Set the confidence levels to 99%, do you think the difference between treatments is still statistically significant at an of 0.01?

If we increase the level of confidence (from 95% to 99%, roughly 2 SE to 3 SE), then we may find that we cannot reject the null hypothesis at a higher threshold of confidence. Try altering the conf.level argument above for yourself to see this in action.

We can also include this argument in the tidy() function if we wish to:

broom::tidy(lsmodel1, conf.int=T, conf.level=0.99)
term estimate std.error statistic p.value conf.low conf.high
(Intercept) 20.191667 0.7592028 26.595880 0.0000000 18.093790 22.2895433
typeSelf -2.616667 1.0736749 -2.437113 0.0214145 -5.583512 0.3501789

14.4.1 Getting the other treatment mean and standard error

One limitation of the table of coefficients output is that it doesn't provide the mean and standard error of the other treatment level (only the difference between them). If we wish to calculate the "other" mean and SE then we can get R to do this.

darwin %>% 
  mutate(type=factor(type)) %>% 
  mutate(type=fct_relevel(type, c("Self", "Cross"))) %>% 
  lm(height~type, data=.) %>% 
  broom::tidy()
term estimate std.error statistic p.value
(Intercept) 17.575000 0.7592028 23.149282 0.0000000
typeCross 2.616667 1.0736749 2.437113 0.0214145

After relevelling, the self treatment is now taken as the intercept, and we get the estimate for it's mean and standard error

14.4.2 Emmeans

We could also use the package emmeans and its function emmeans() to do a similar thing

means <- emmeans::emmeans(lsmodel1, specs = ~ type)

means
##  type  emmean    SE df lower.CL upper.CL
##  Cross   20.2 0.759 28     18.6     21.7
##  Self    17.6 0.759 28     16.0     19.1
## 
## Confidence level used: 0.95

The advantage of emmeans is that it provides the mean, standard error and 95% confidence interval estimates of all levels from the model at once (e.g. it relevels the model multiple times behind the scenes).

emmeans also gives us a handy summary to include in data visuals that combine raw data and statistical inferences.
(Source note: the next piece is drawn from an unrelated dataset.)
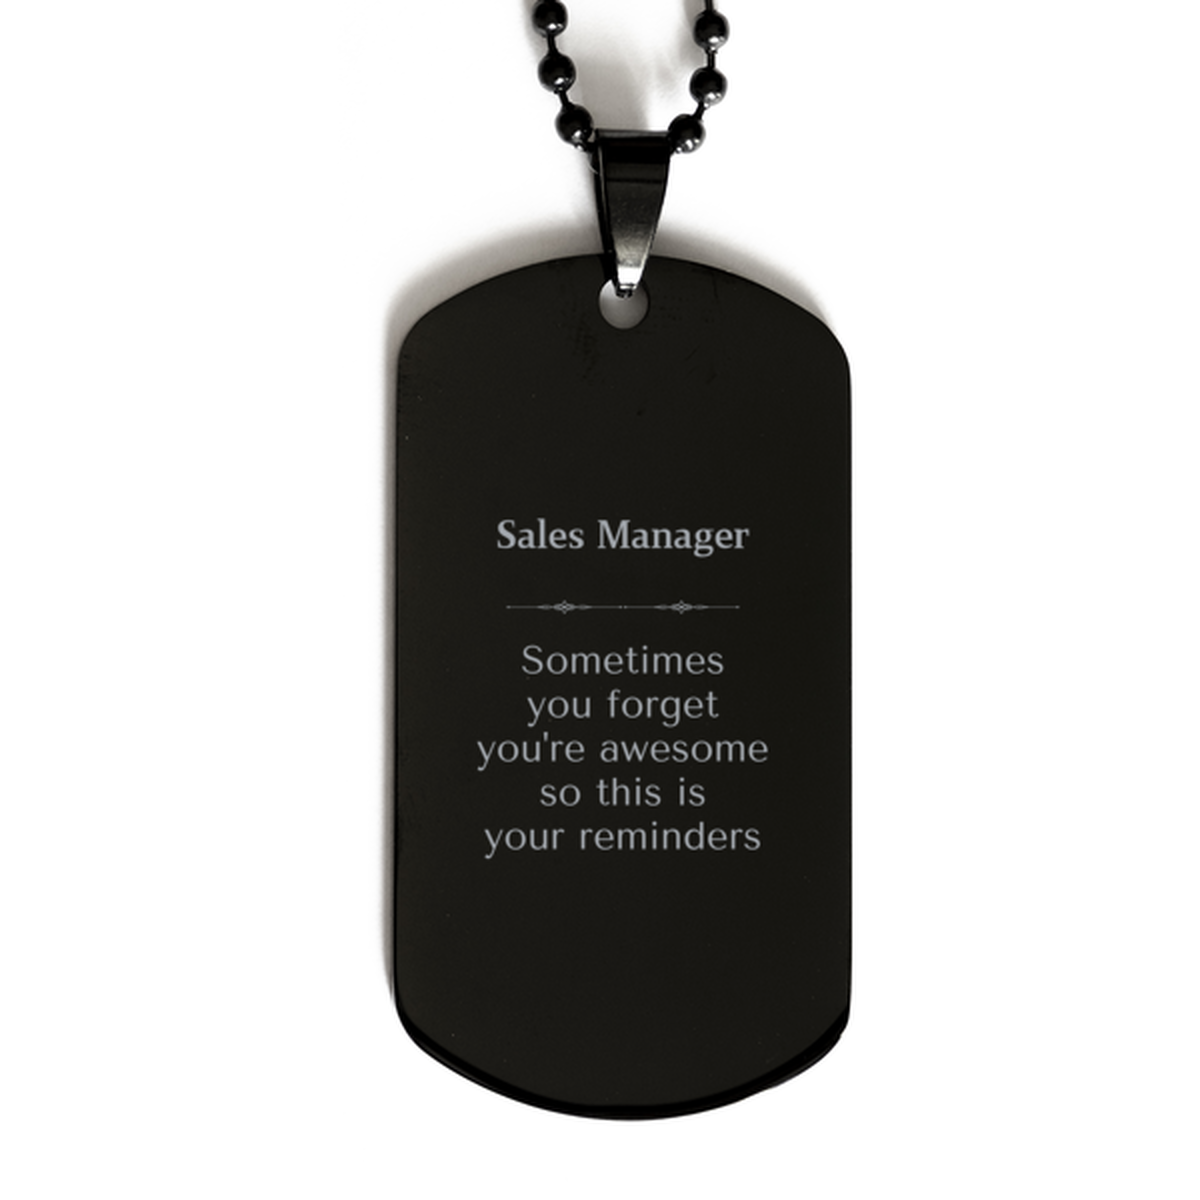 Sentimental Sales Manager Black Dog Tag, Sales Manager Sometimes you forget you're awesome so this is your reminders, Graduation Christmas Birthday Gifts for Sales Manager, Men, Women, Coworkers

These are standard ggplot() outputs so can be customised as much as you want.

means %>% 
  as_tibble() %>% 
  ggplot(aes(x=type, 
             y=emmean))+
  geom_pointrange(aes(
    ymin=lower.CL, 
    ymax=upper.CL))

Notice that no matter how we calculate the estimated SE (and therefore the 95% CI) of both treatments is the same. This is because as mentioned earlier the variance is a pooled estimate, e.g. variance is not being calculate separately for each group. The only difference you should see in SE across treatments will be if there is a difference in sample size between groups.

Notice how the Confidence intervals of the estimated means strongly overlap, there is a difference between the two SEMs and the SED we have calculated. So overlapping error bars cannot be used to infer significance.
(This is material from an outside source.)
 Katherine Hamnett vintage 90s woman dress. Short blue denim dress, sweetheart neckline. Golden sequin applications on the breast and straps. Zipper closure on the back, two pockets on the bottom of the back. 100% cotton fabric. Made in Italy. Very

Because of this pooled variance, there is an assumption that variance is equal across the groups, this and other assumptions of the linear model should be checked. We cannot trust our results if the assumptions of the model are not adequately met.

14.5 Assumption checking

So now we have been through the main parts of a linear model analysis, we have results and inferences. But we need to check whether the assumptions of the model are adequately met so that we know whether our analysis can be trusted.

In this first part we are going to check two of our assumptions:

  1. that the residual/unexplained variance in our data is approximately normally distributed.

  2. that the residual/unexplained variance is approximately equal between our groups

Residuals are the differences between the observed values and the fitted values produced by the model - in this case the heights of the plants against the treatment means. The assumption of a normal distribution applies because the linear model uses this to calculate the standard errors (and therefore confidence intervals). The assumption of equal variance applies because of this pooled variance approach (e.g. we have two treatments with 15 replicates - but by pooling the variance across treatments we have a sample size of 30).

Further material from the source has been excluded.